Work to be completed: Without the pictures, can you quote each line below exactly?

[Input data — start]

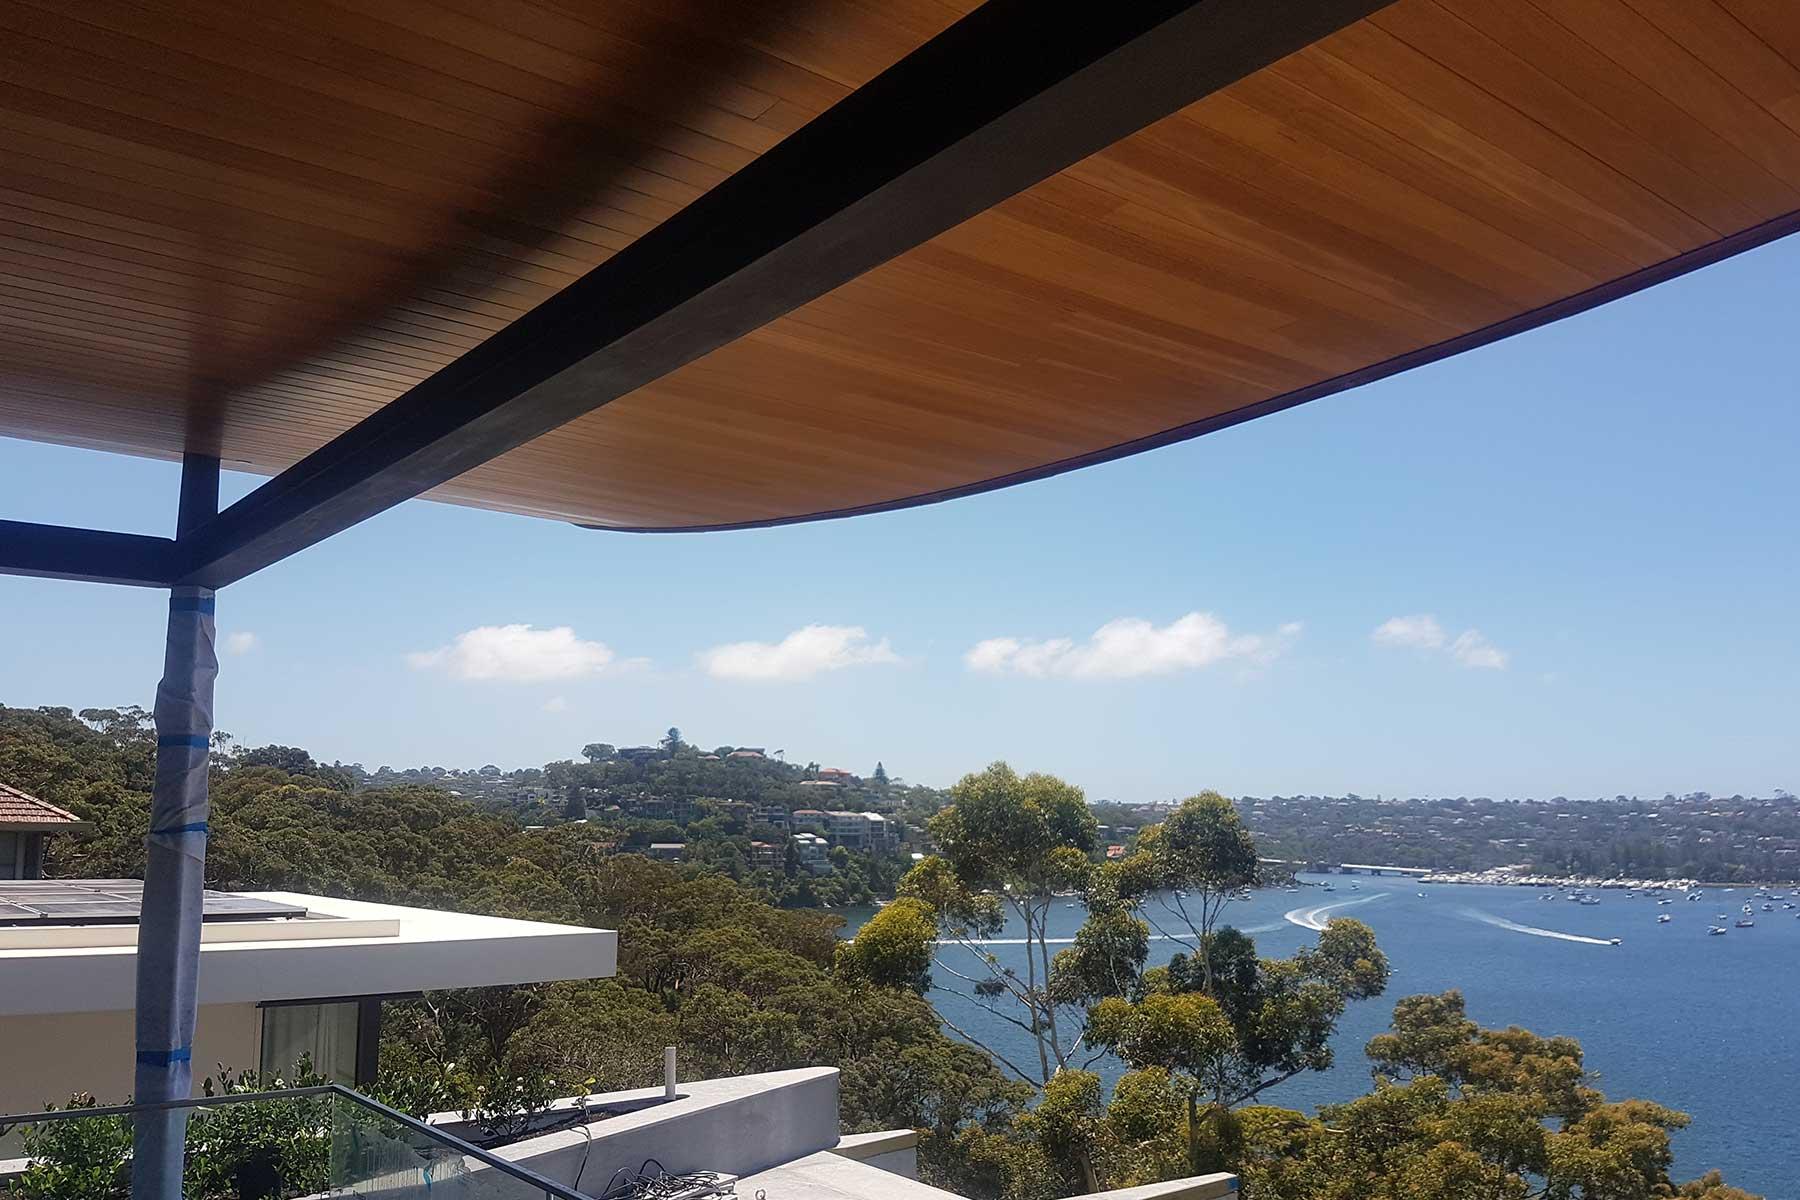 Blue-Zinc-Constructions-Timber-Deck-Ceiling
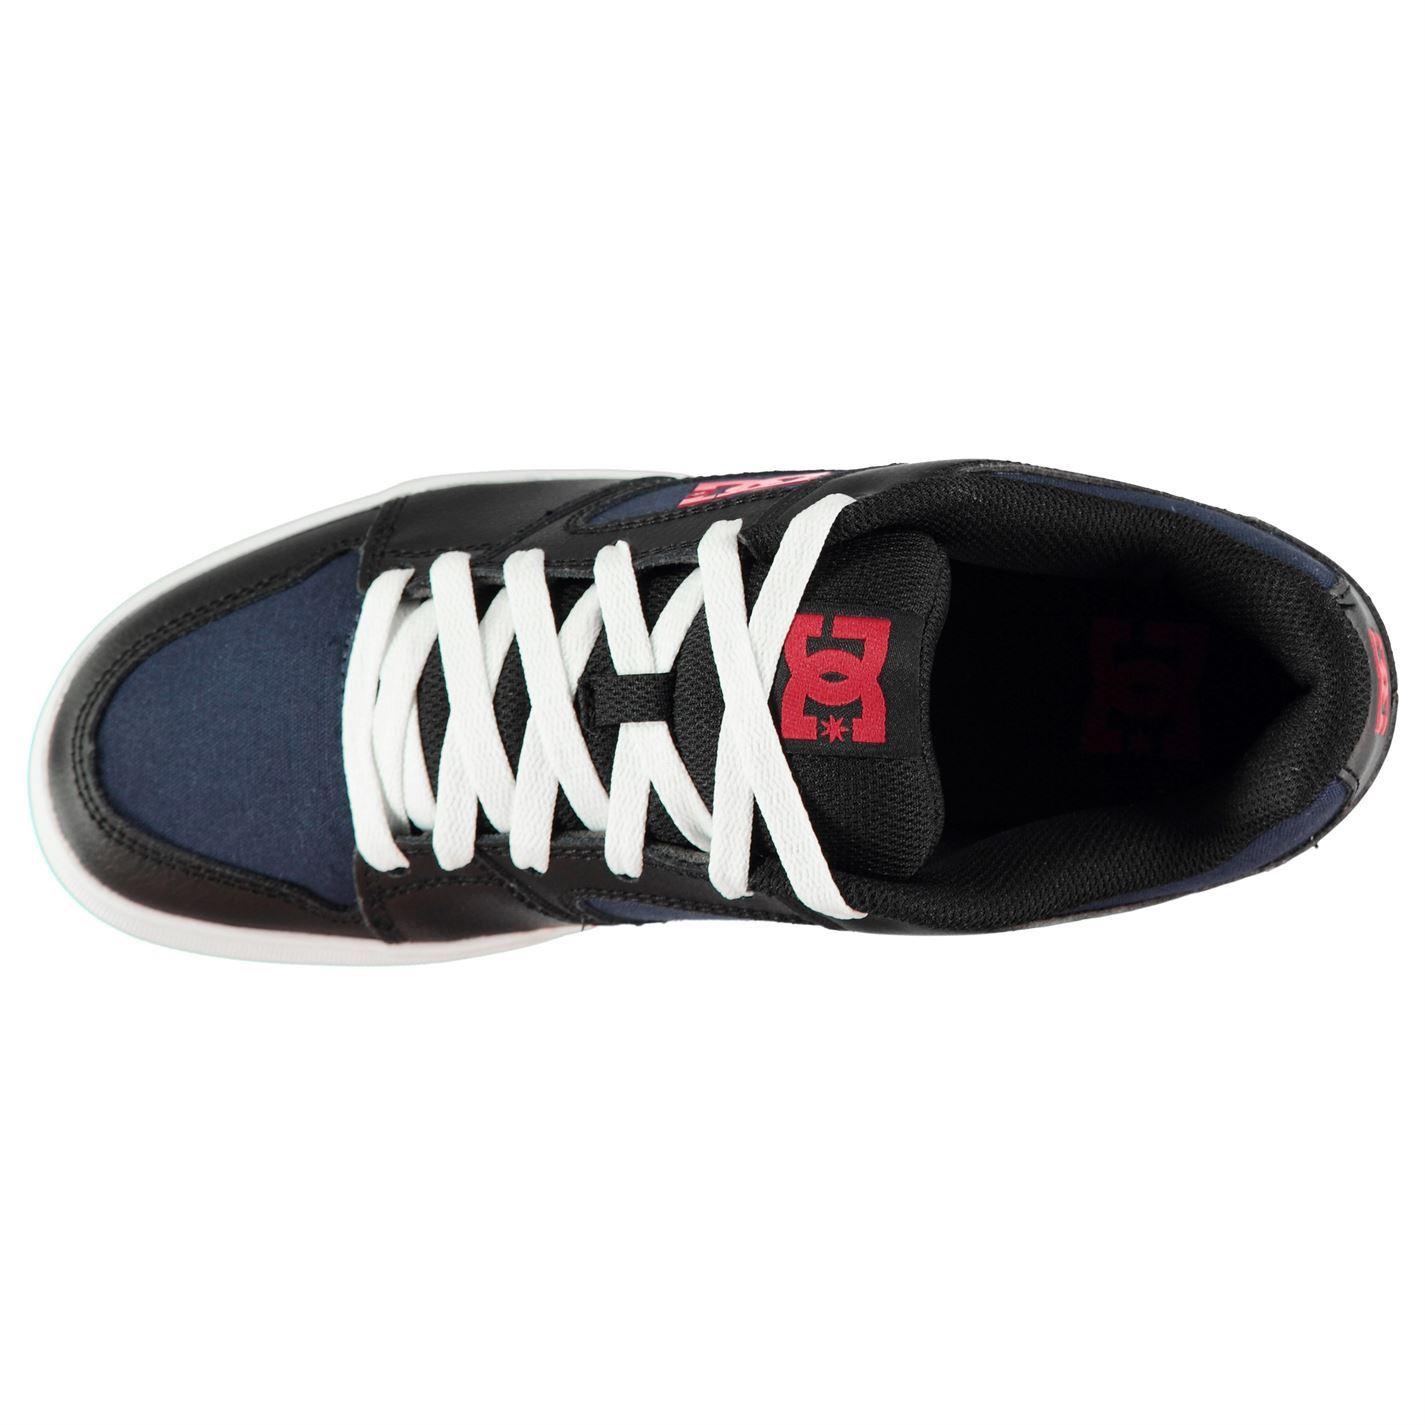 3e162cd2f7 DC Blitz II Skate Shoes Mens Navy/Black/Red Skateboarding Trainers Sneakers
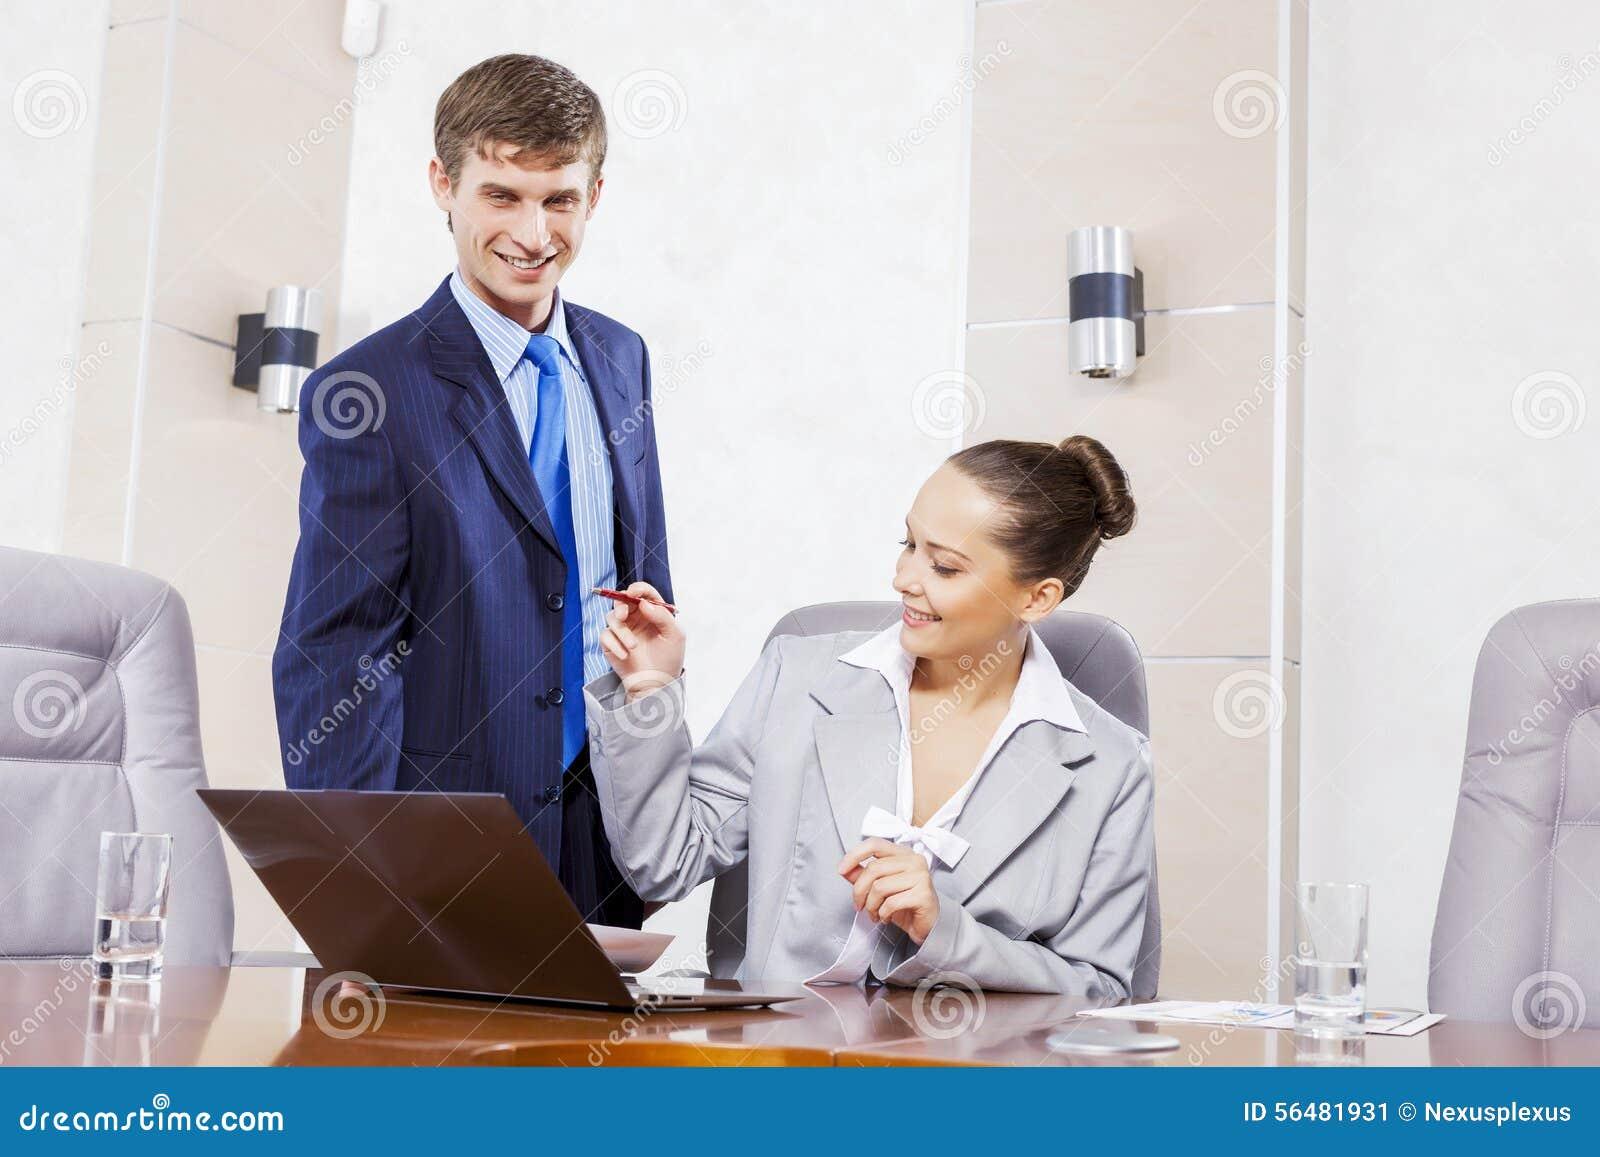 Moments de travail de bureau

[Input data — finish]

Result of the task:
 Blue-Zinc-Constructions-Timber-Deck-Ceiling
 3e162cd2f7 DC Blitz II Skate Shoes Mens Navy/Black/Red Skateboarding Trainers Sneakers
 Moments de travail de bureau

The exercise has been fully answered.